Ich gebe zu, dass ich einigermaßen skeptisch nach Würzburg gefahren bin. In Zeiten des „Weckrufs 2015“ und anderen Begleiterscheinungen des Kampfes um die Bundesspitze der AfD  habe ich mir die Gesprächsrunde der Landesvorstandsvertreter im Vorfeld relativ konfrontativ vorgestellt.

Allerdings bin ich dann sozusagen „angenehm enttäuscht“ worden. Am wichtigsten war für mich, das alle Vertreter trotzt zum Teil klar gegenläufiger Startpositionen den unbedingten Willen zeigten, die Lage gemeinsam zu klären und sich eben auch auf gemeinsame Ergebnisse verständigen konnten (etwa zur Bundesvorstandswahl, dem Umgang mit Satzungsfragen und dem nahenden Bundesparteitag, vgl.  auch den Bericht auf www.tagesspiegel …de).

In der Beurteilung des „Weckrufs“ gingen die Meinungen auseinander. Ich habe die Stimmungslage so wahrgenommen, dass man diesen mehrheitlich als großen Fehler betrachtet. Diejenigen Vertreter, die den „Weckruf“ mit unterzeichnet hatten, haben mir durchaus glaubhaft versichert, keineswegs eine Abspaltung von der AfD unterstützen zu wollen. Offensichtlich ist die Motivation zur Unterzeichnung des „Weckrufs“ eine Folge von innerparteilicher „Propaganda“ über die vermeintlich weit nach rechts abdriftenden Ost-Landesverbände.

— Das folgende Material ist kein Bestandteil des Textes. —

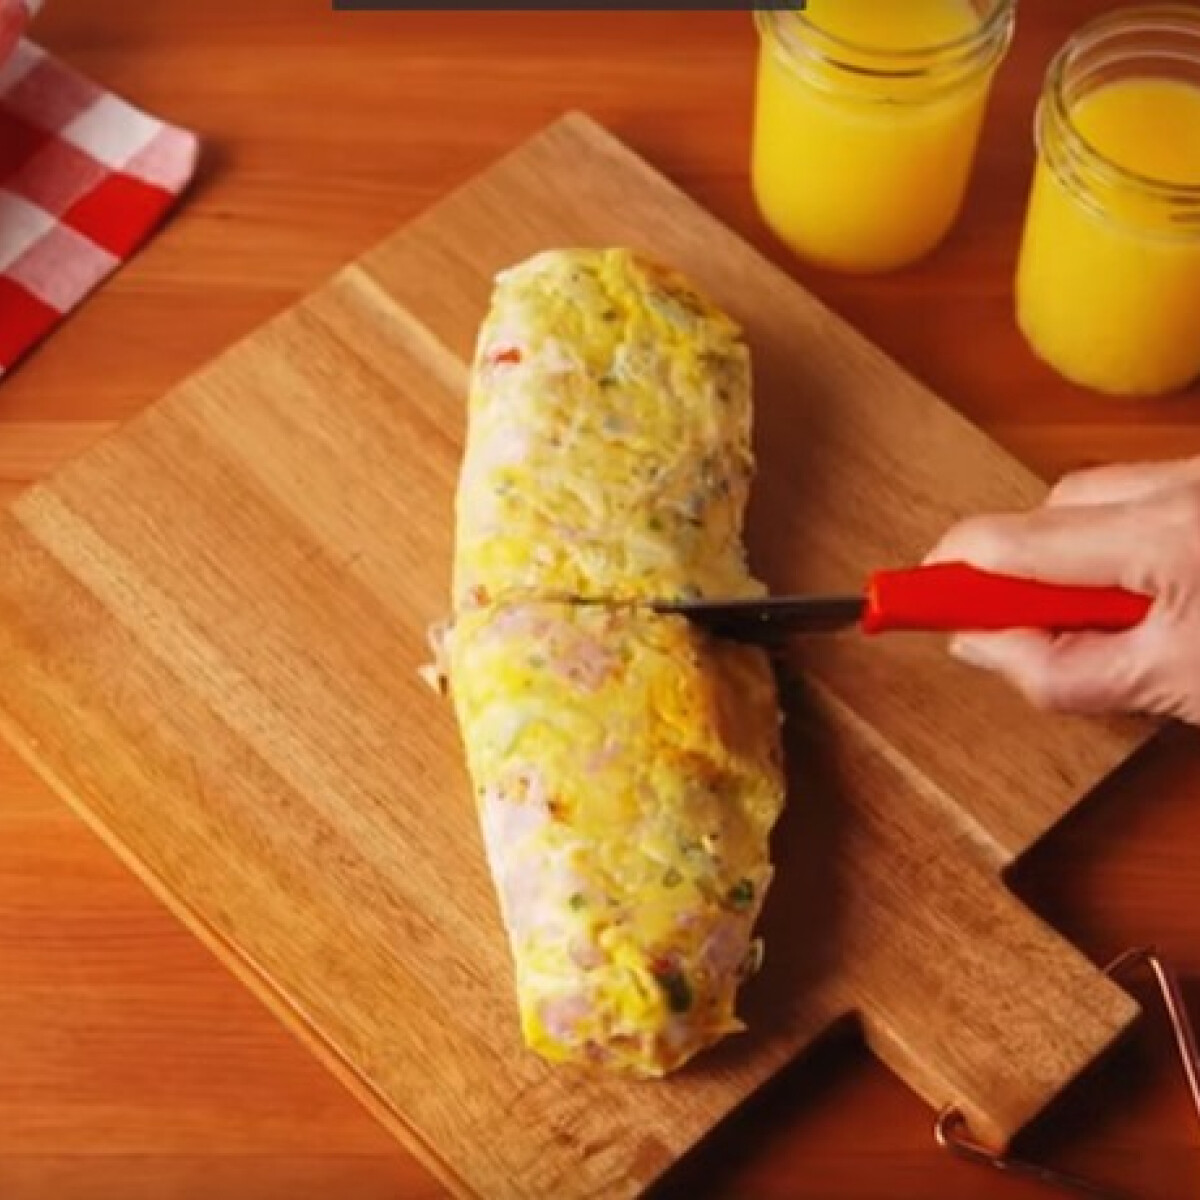 Újabb idióta módszer született - emberek ZACSKÓBAN főznek omlettet, nézzétek

Im Grunde waren die anwesenden Unterzeichner – ähnlich wie vor ein paar Wochen die Unterzeichner der „Erfurter Resolution“ – erschrocken, wie ihre Unterschrift gedeutet und mit welchen Botschaften dies verbunden wird.

Wir Thüringer (Björn Höcke und ich) konnten einiges zu den unsäglichen Vorwürfen klarstellen, nach denen unser Landesverband ins Rechtsextreme abdriften würde. Insbesondere die in der jüngsten Vergangenheit wiederholt vorgebrachte falsche Behauptung, Björn Höcke würde die Mitgliedschaft in der NPD verharmlosen, konnten wir in Gesprächen richtig stellen. Die letzten Absurditäten wie z.B. die im Deutschlandradio vom Abgeordneten Oskar Helmerich geäußerte Meinung, Höcke wolle den „Führerstaat“, helfen dabei am Ende sogar. Selbst innerparteilichen Skeptikern wird bei solchen Anwürfen schnell klar, dass es sich um persönliche Angriffe und nicht um eine inhaltliche Auseinandersetzung handelt.

Am Ende waren sich alle einig, erst mal miteinander zu reden, als übereinander – und schon gar nicht in der Presse.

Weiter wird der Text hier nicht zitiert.